Ivanhoe entered into a $10.0 million unsecured loan agreement on December 30, 2011 with Ivanhoe Capital Finance Ltd. (“ICFL”), a company wholly owned by Mr. Friedland. The funds were advanced to the Company on January 3, 2012. Interest on the loan is 13.33% per annum, calculated monthly and due upon maturity. On March 14, 2012, the ICFL loan agreement was amended to provide that at ICFL’s option, the outstanding amount of the loan may be converted into common shares of the Company at Cdn$0.96 per share.
Our Board of Directors recognizes that related party transactions present a heightened risk of conflicts of interest and therefore has a written policy that is part of our Code of Business Conduct and Ethics. This policy prohibits activities that could give rise to conflicts of interest, unless they are specifically approved by the Board of Directors. Directors and officers are obligated to inform us of any related party transactions and any proposed related party transactions. In addition, we present a summary of related party transactions to the Audit Committee on a quarterly basis for its review and approval.
DIRECTOR INDEPENDENCE
We undertook a review of the independence of our directors and, using the definitions and independence standards for directors established under NASDAQ and CSA’s National Instrument 58-101, “Disclosure of Corporate Governance Practices.” As a result of this review, we determined that each of Messrs. Abboud, Balloch, Downey, Graham and Pirraglia is considered to be an independent director.
In considering the nature of the services provided by Deloitte & Touche LLP (“Deloitte”), the Audit Committee determined that such services are compatible with the provision of independent audit services. The Audit Committee discussed these services with Deloitte and our management to determine that they were permitted in accordance with the rules and regulations concerning auditor independence under the Rules of Professional Conduct of the Institute of Chartered Accountants of Alberta, the rules and standards of the Public Company Accounting Oversight Board and the securities laws and regulations administered by the SEC. In accordance with our policy, all of the services outlined below were pre-approved by our Audit Committee.
(US$000s)
|
|
2011
|
|
|
2010
|
|
Audit fees
|
|
|
599 |
|
|
|
535 |
|
Audit related fees
|
|
|
92 |
|
|
|
89 |
|
Tax fees
|
|
|
141 |
|
|
|
217 |
|
Other fees
|
|
|
104 |
|
|
|
236 |
|
|
|
|
936 |
|
|
|
1,077 |
|
Audit fees in 2011 and 2010 include services related to the audit of our annual consolidated financial statements and the review of our interim consolidated financial statements. Fees were also incurred in 2011 and 2010 for the audit of internal controls related to requirements under the United States Sarbanes-Oxley Act of 2002 and similar Canadian regulatory compliance.

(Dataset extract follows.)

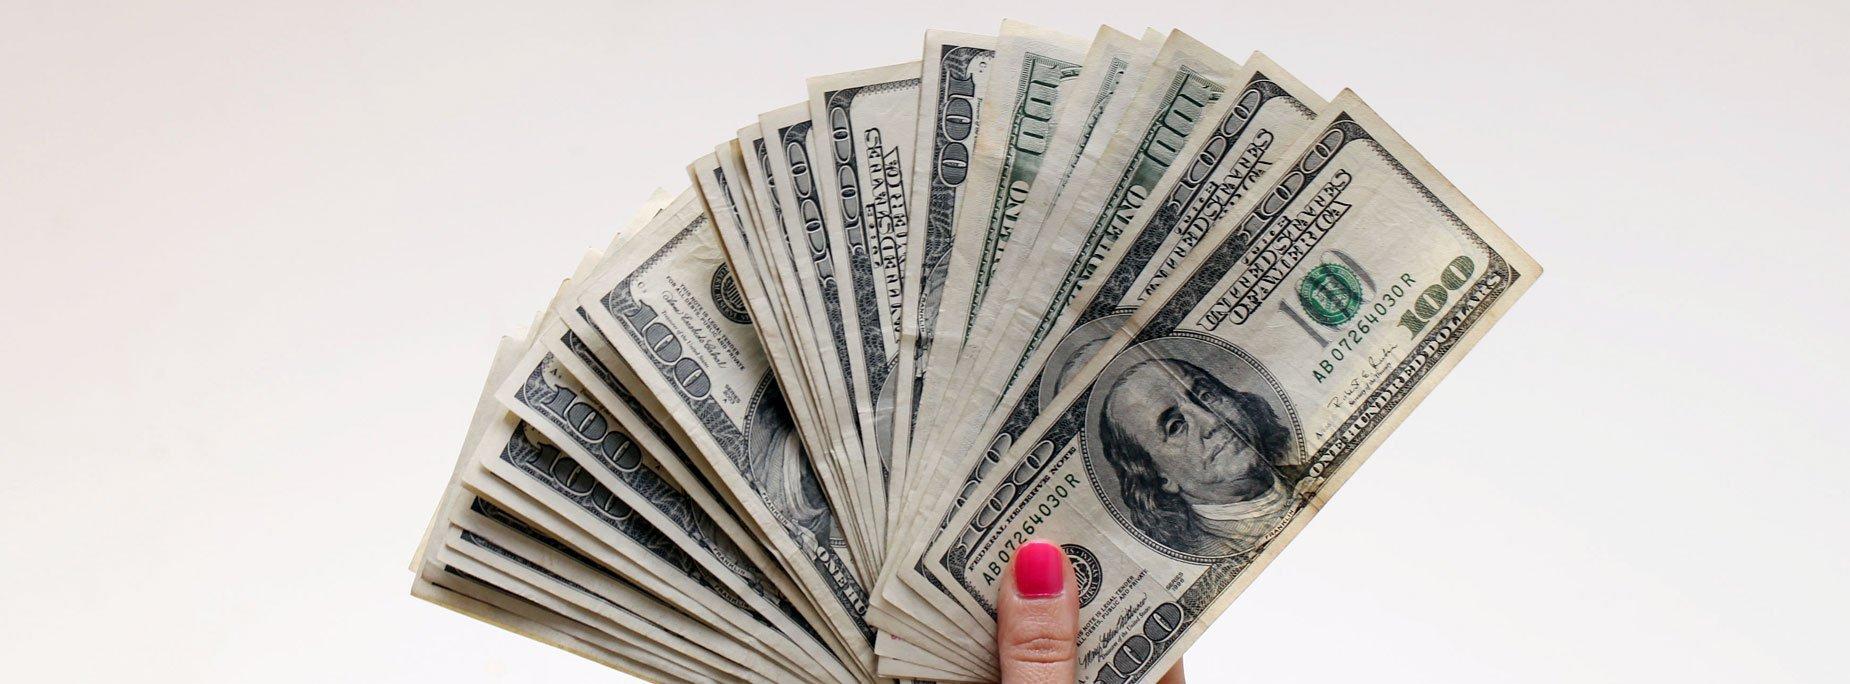 Cash advance pasadena md photo 6

Audit related fees include services performed to translate the annual and quarterly consolidated financial statements into French as well as the reimbursement of the pro-rata share of annual fees charged to each audit firm by the Canadian Public Accountability Board.

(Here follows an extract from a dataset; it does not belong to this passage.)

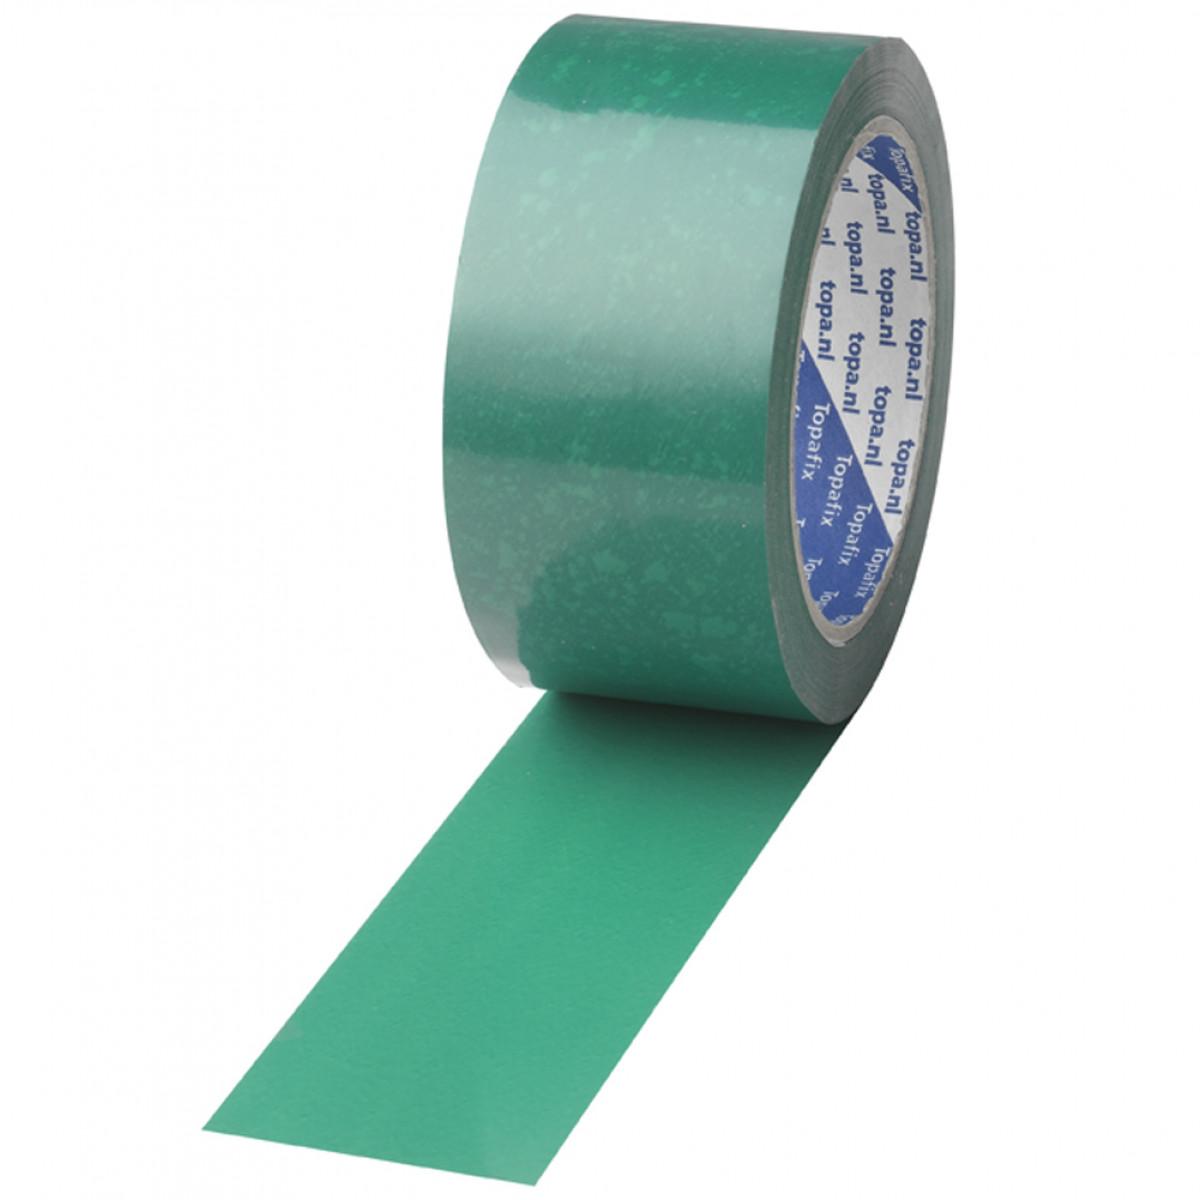 Topafix 50/66 Groen

Tax services performed by Deloitte, outside of normal audit procedures, consisted of tax compliance and tax planning and advice. Tax compliance services consisted of federal, state and local income tax return assistance, preparation of
expatriate tax returns and assistance with tax return filings in certain foreign jurisdictions. Tax planning and advice was rendered in connection with the structuring of intercompany transactions as well as proposed mergers, acquisitions and disposals.
Other fees in 2011 and 2010 relate to services provided in connection with the issuance of the Convertible Debentures and in connection with a common share prospectus respectively. Both 2011 and 2010 include fees related to services provided in support for the Company’s transition to IFRS on January 1, 2011, and for a subscription to an accounting research tool and human capital salary information.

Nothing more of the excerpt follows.